An important development
The company recently announced that it had completed financing and began construction on Trains 3 and 4 for its Sabine Pass Liquefaction Project. Each train can liquefy approximately 1 billion cubic feet of natural gas per day. Cheniere's subsidiaries have obtained around $5.9 billion in financing for the project.
The Sabine Project is located in Cameron Parish, Louisiana, well positioned about four miles from the Gulf of Mexico. Cheniere has obtained the necessary FERC and DOE approvals for trains 1 and 2, which are now 26% complete. The company still has a long way to go before it reaches profitability, as its first-quarter results show that it is operating at a loss. The company reported a loss of $117.1 million, or $0.54 per share, versus a $56.4 million loss reported in the prior year quarter. This was higher than analysts' prediction of $0.34 per share.
Still, Cheniere's stock price has performed well, up over 50% year to date. The stock has a high short float of 5.7%, with over 13 million shares being shorted as of May 15.
In addition, there have been 29 insider sales of shares, representing 2 million shares in the past three months. Multiple insider sales can often be a bearish indicator, but it’s tough to be sure.
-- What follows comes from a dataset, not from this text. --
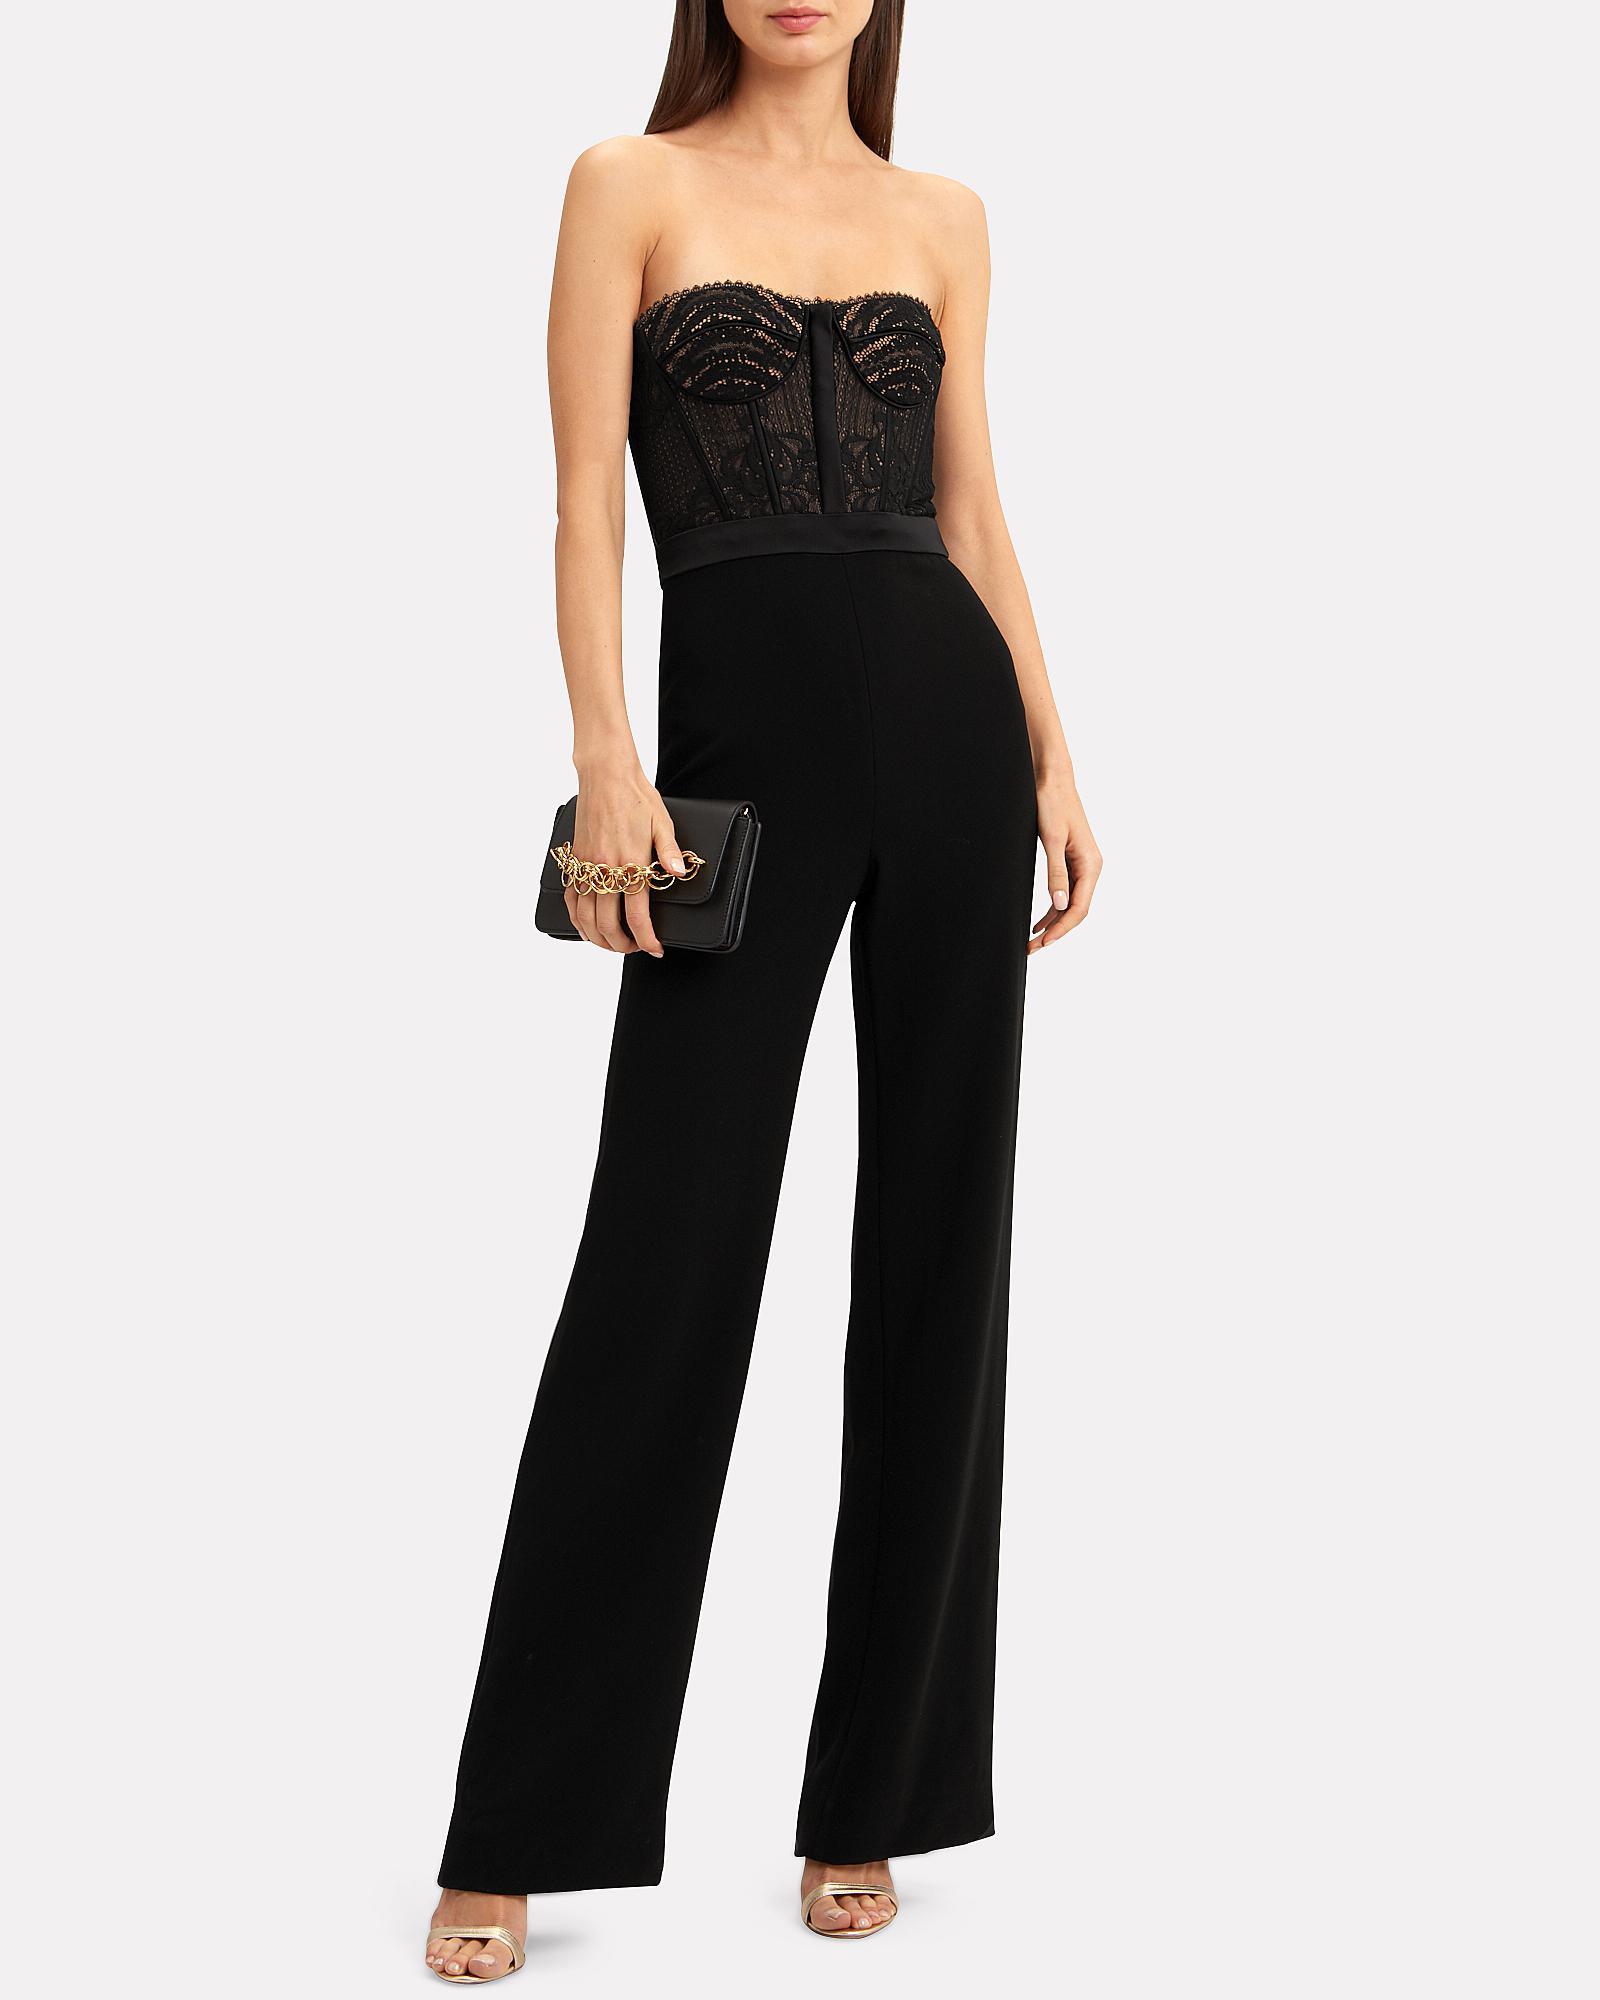 cc4eec770299 Jonathan Simkhai - Black Bustier Lace Jumpsuit - Lyst. View fullscreen

Some hedge fund managers are betting on the eventual profitability of the company, and that’s what we’re watching the closest. Dan Loeb of Third Point, for example, holds a large position of 4 million shares. Click here to see a discussion of Loeb's other holdings.
Cheniere has a competitor the natural liquid gas market in ConocoPhillips (NYSE: COP). ConocoPhillips has an ownership interest in the Freeport Liquid Natural Gas Project. The Department of Energy recently approved this project to export domestic liquefied natural gas to countries without a free trade agreement with the United States. The project is still subject to environmental review, but could eventually export up to 1.4 billion cubic feet per day.
ConocoPhillips may be a more attractive vehicle for investment in the sector, with a P/E ratio of 10.07 and a dividend yield of 4.24%. ConocoPhillips is not totally dependent on the Freeport Project, and therefore has other sources of revenue. Natural gas, as a commodity, is subject to volatile price swings, which may impact the profitability of an export business.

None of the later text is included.